Let’s take a detailed look at what is going on here:
$ pdfcpu sig val -full usageRights.pdf
optimizing...
1:
Type: usage rights signature (invisible, signed)
Status: validity of the signature is unknown
Reason: signers certificate chain is not in the trusted list of Root CAs
Signed: 2022-12-15 17:08:57 +0000
DocModified: false
Details:
SubFilter: adbe.pkcs7.detached
SignerIdentity: Unknown
SignerName: ARE Production V8.1 G3 P24 1007685
ContactInfo:
Location:
Reason:
SigningTime: 2022-12-15 17:08:57 +0000
Field:
Signer:
Timestamp: false
LTVEnabled: false
Certified: false
Authoritative: false
Certificate:
Subject: ARE Production V8.1 G3 P24 1007685
Issuer: Adobe Product Services G3
SerialNr: 101357a46c30d17b2f7d64b453c0818
Valid From: 2022-02-11 00:00:00 +0000
Valid Thru: 2035-12-31 23:59:59 +0000
Expired: false
Qualified: false
CA: false
Usage:
Version: 3
SignAlg: RSA
Key Size: 2048 bits
SelfSigned: false
Trust: Status: not ok
Reason: certificate not trusted
Revocation: Status: ok
Reason: not revoked (CRL check ok)
IntermediateCA:
Subject: Adobe Product Services G3
Issuer: Adobe Root CA G2
SerialNr: fa8b6547b89e6d2068975cd8b9b89e2
Valid From: 2016-11-29 00:00:00 +0000
Valid Thru: 2041-11-28 23:59:59 +0000
Expired: false
Qualified: false
CA: true
Usage:
Version: 3
SignAlg: RSA
Key Size: 4096 bits
SelfSigned: false
Trust: Status: ok
Reason: CA
RootCA:
Subject: Adobe Root CA G2
Issuer: Adobe Root CA G2
SerialNr: 0df12f5f57a7c3e1b002d893270cdde1
Valid From: 2016-11-29 00:00:00 +0000
Valid Thru: 2046-11-28 23:59:59 +0000
Expired: false
Qualified: false
CA: true
Usage:
Version: 3
SignAlg: RSA
Key Size: 4096 bits
SelfSigned: true
Trust: Status: ok
Reason: self signed
Problems: certificate verification failed for serial="101357a46c30d17b2f7d64b453c0818": x509: certificate signed by unknown authority
A problem points to missing intermediate or root certificates. The certificate is therefore not trusted.
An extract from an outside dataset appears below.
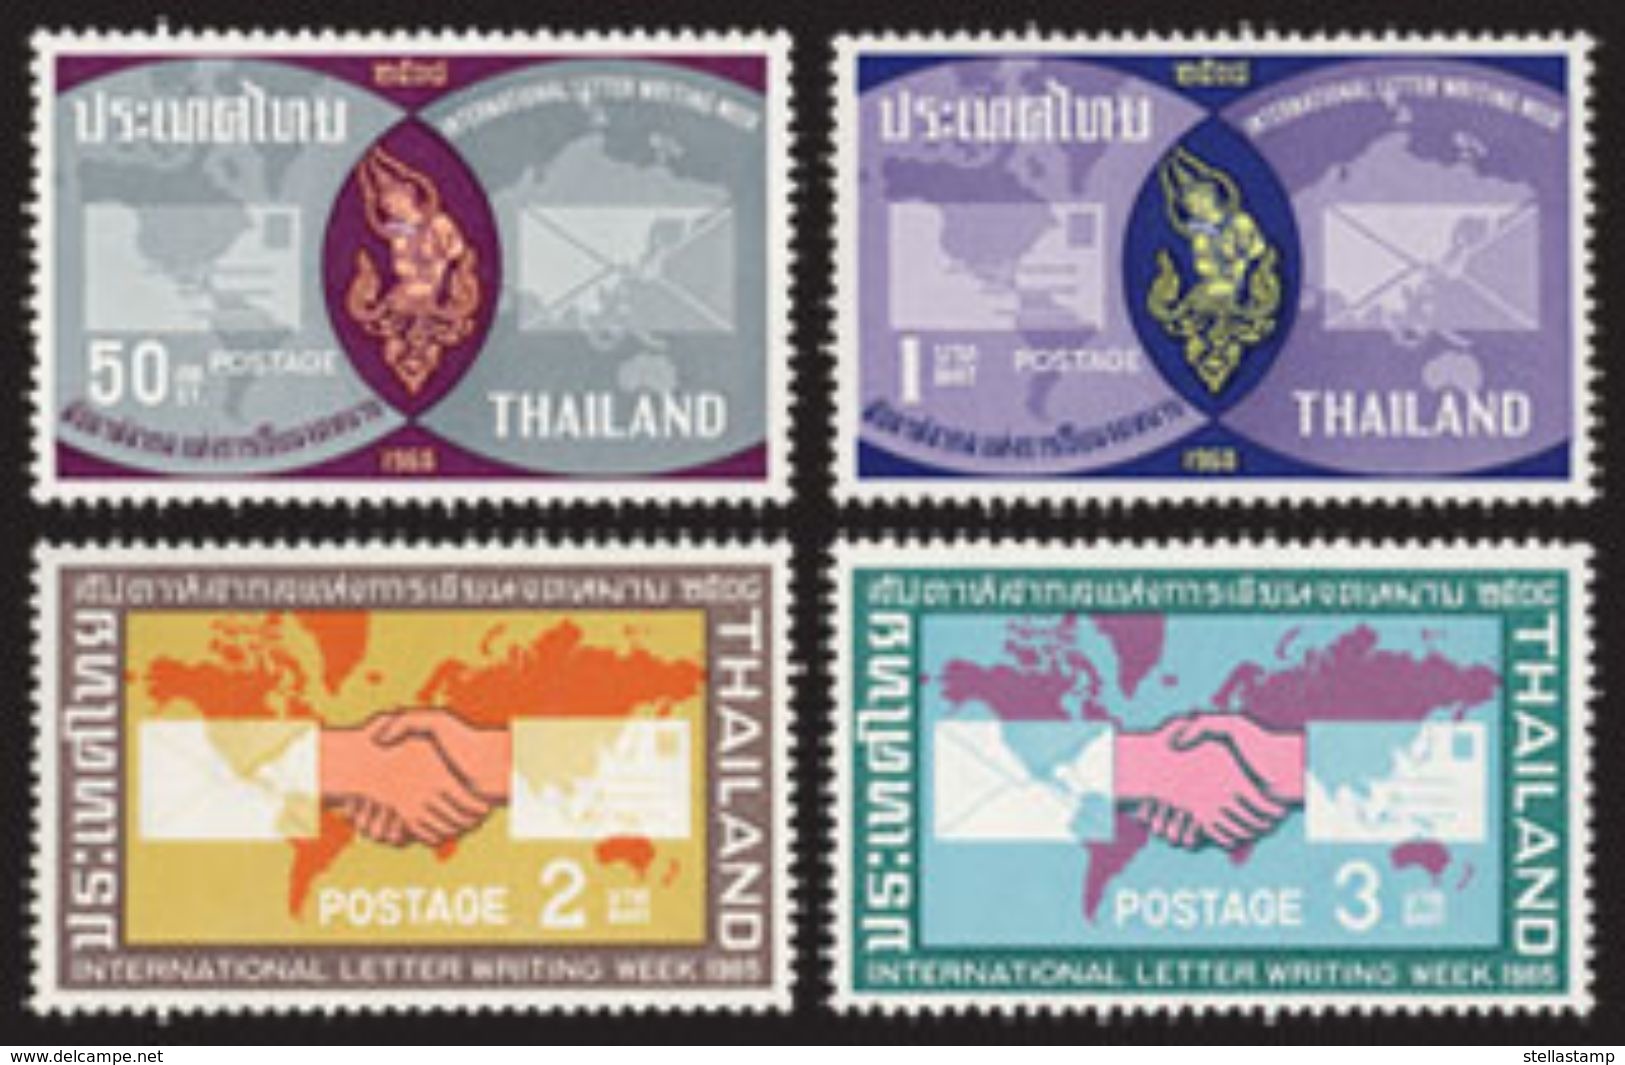 Thailand Stamp 1965 International Letter Writing Week - Thailand
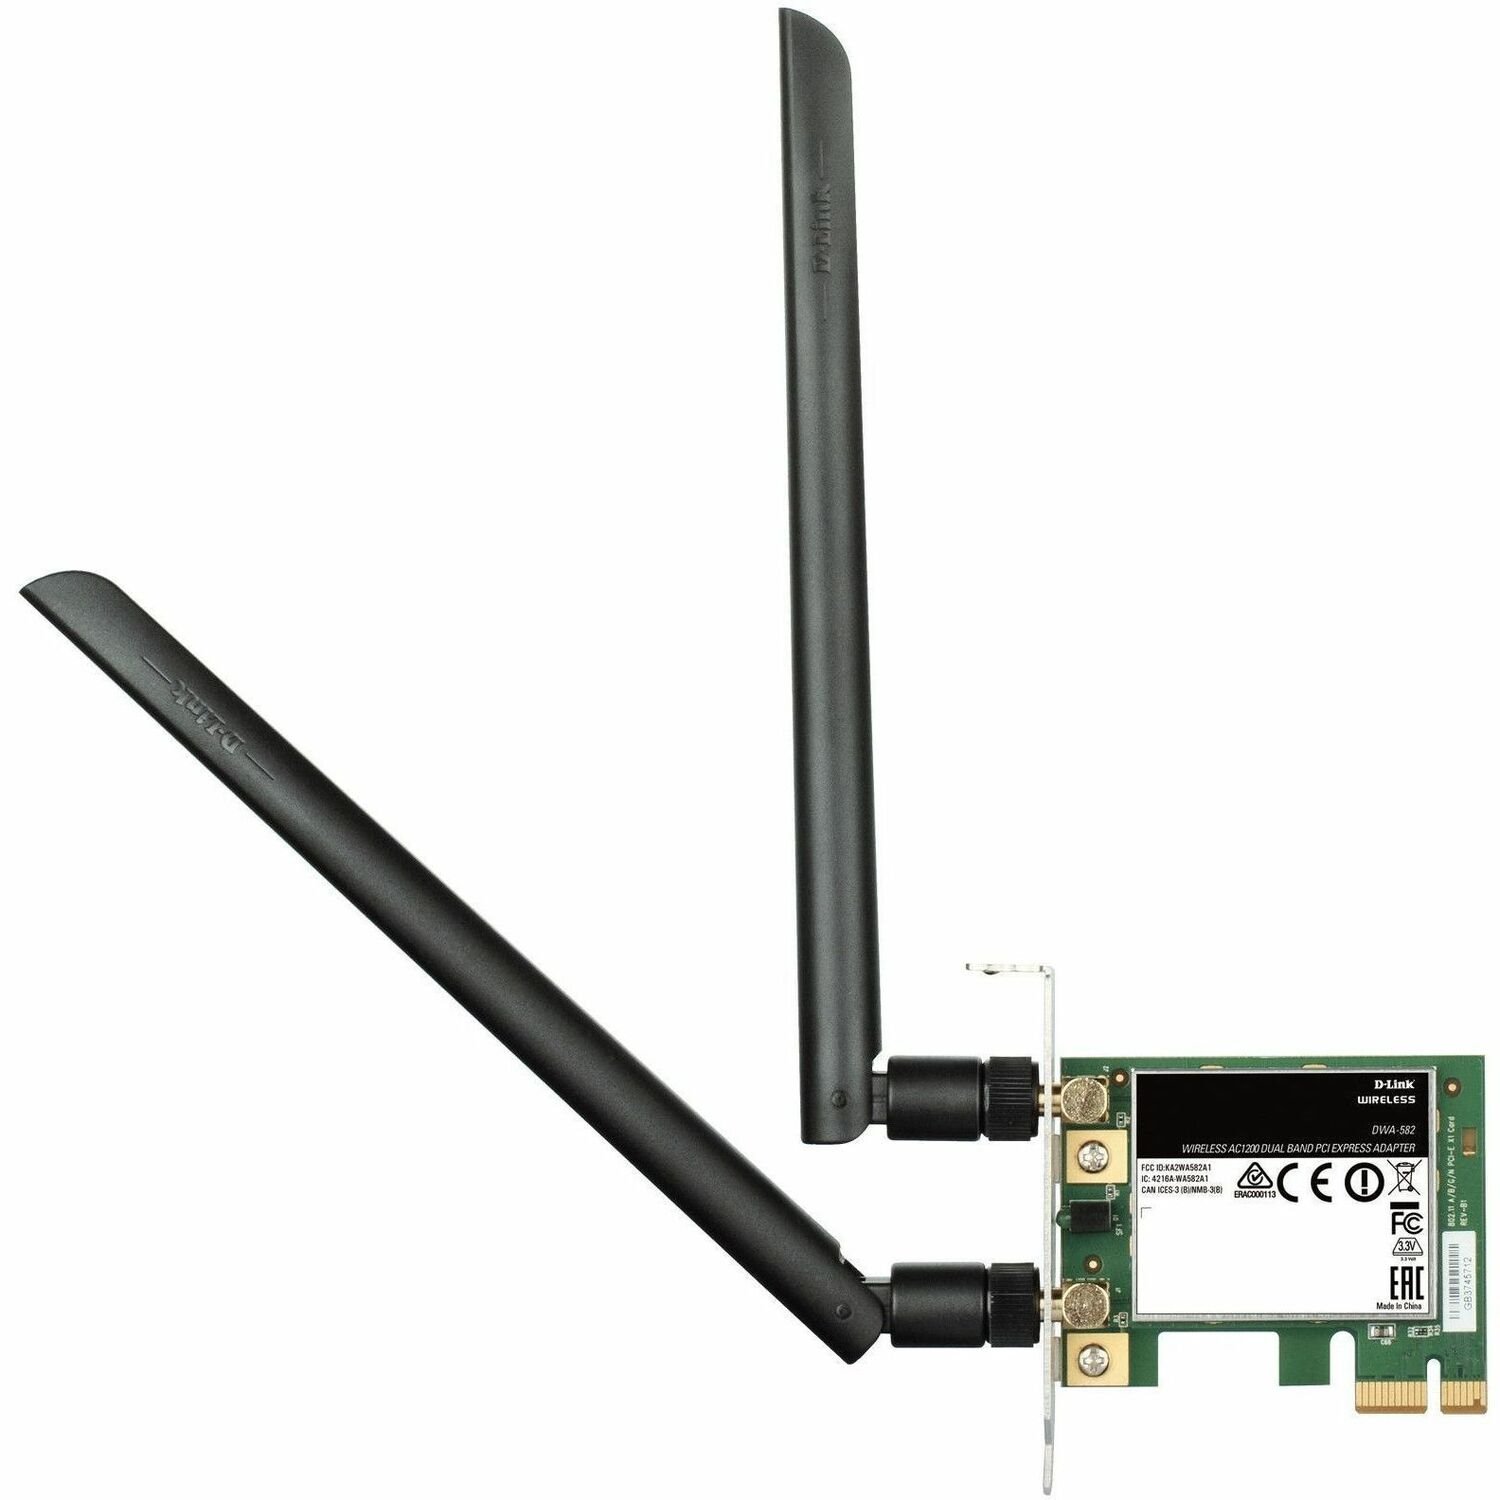 D-Link DWA-582 IEEE 802.11b/g/n/ac Wi-Fi Adapter for Desktop Computer

We can also see that the certificate is not expired, could not be found in any certificate revocation list, and is therefore considered not revoked.
Conclusion: If you import the missing certificates using pdfcpu cert import, the usage rights signature validation should succeed.
Note:
This command only checks if the usage rights signature is valid.
Any violation of usage rights defined as UR3 transform parameters are not checked at the moment (see limitations).